In his autobiography, In My Own Way, Watts reminisced on meeting Ella one evening (early 1953) in Elsa Gidlow’s Fairfax home: this frail, transparent, bewitching old lady talked to us like a true shaman about the personalities of mountains, and about talking to the weather and to wild animals, and we talked about a film we had both seen in 1926 of attempts to climb Everest, embellished with scenes of Tibetan dancing.

Charles Eskine Scott Wood

20 February 1852 – 22 Janruary 1944

Charles Erskine Scott Wood died a month before his ninety-second birthday at his home The Cats in 1944. William Rose Benet called him a man of the highest idealism… whose lifetime was devoted to courageous battling for the rights of the underprivileged… a poet superior in keenness of intellect to Walt Whitman. At the end of December 1930 Ella had not received legal immigration status. CESW advised her to go to Victoria, British Columbia, in order to restart the process toward American citizenship. Her application for re-entry to the U.S. was declined for months on the grounds that she might become a public charge.
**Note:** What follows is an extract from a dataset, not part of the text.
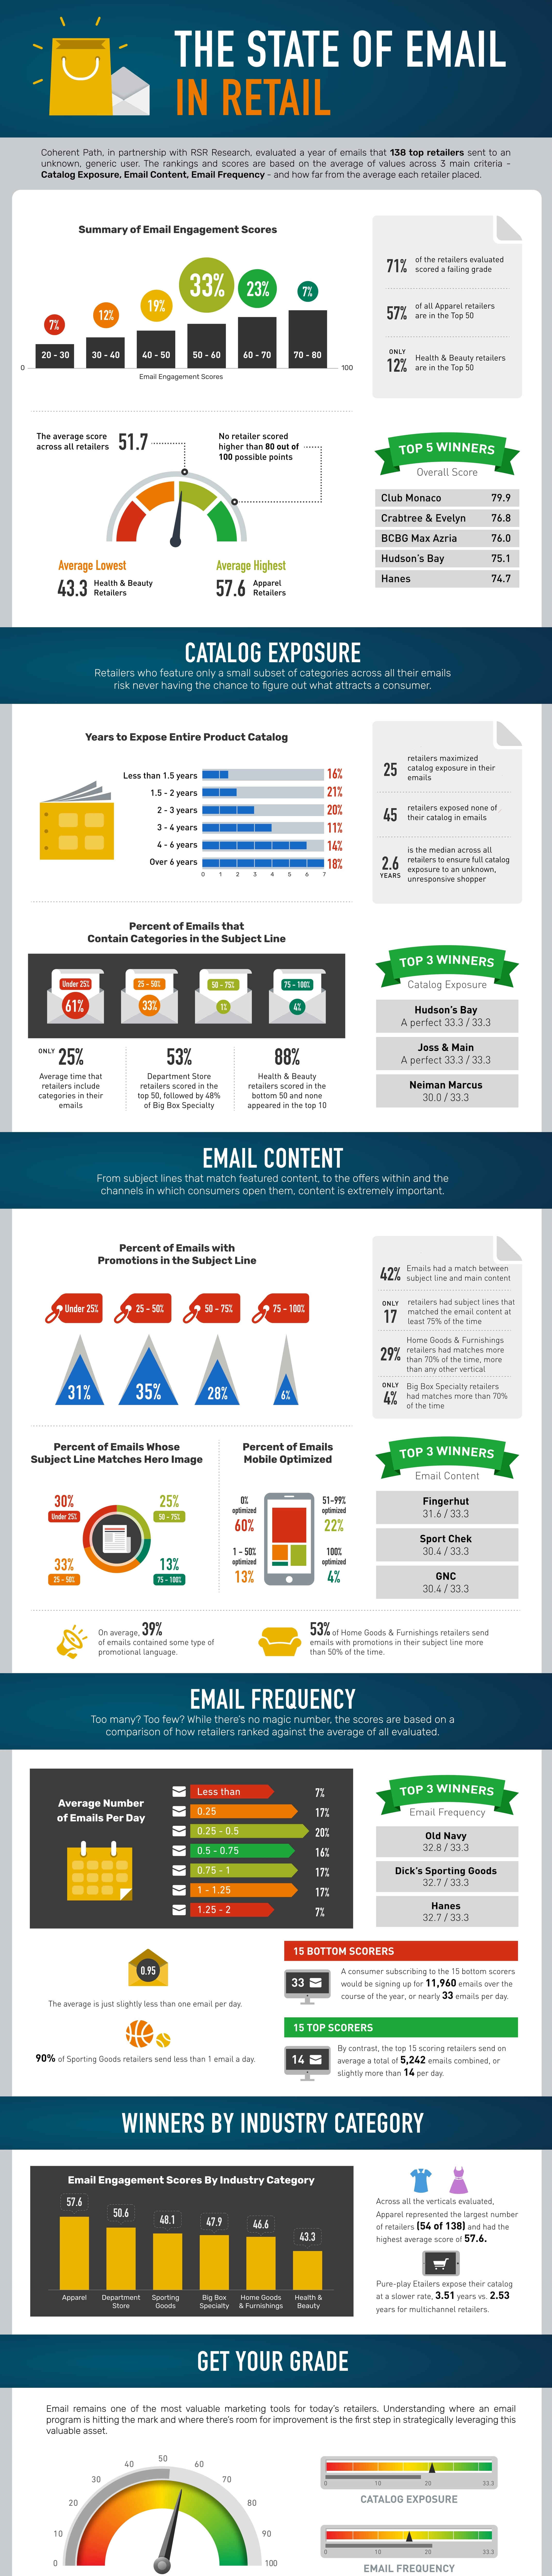 The State of Email in Retail [Infographic]

In Ella’s memoirs, as she doses in front of her fire in Cluan Ard a crash of a log falls to ashes stirs her and she recalls a morning at The Cats and breakfast on the patio with grapevines twinning in lattice-work, and a cherry tree spring into the blueness. Sara Bard Field and Erskine Scott Wood on their vineyard-crowned hillside. The talk is of poetry; and two police dogs, one black, one golden, stand by to listen.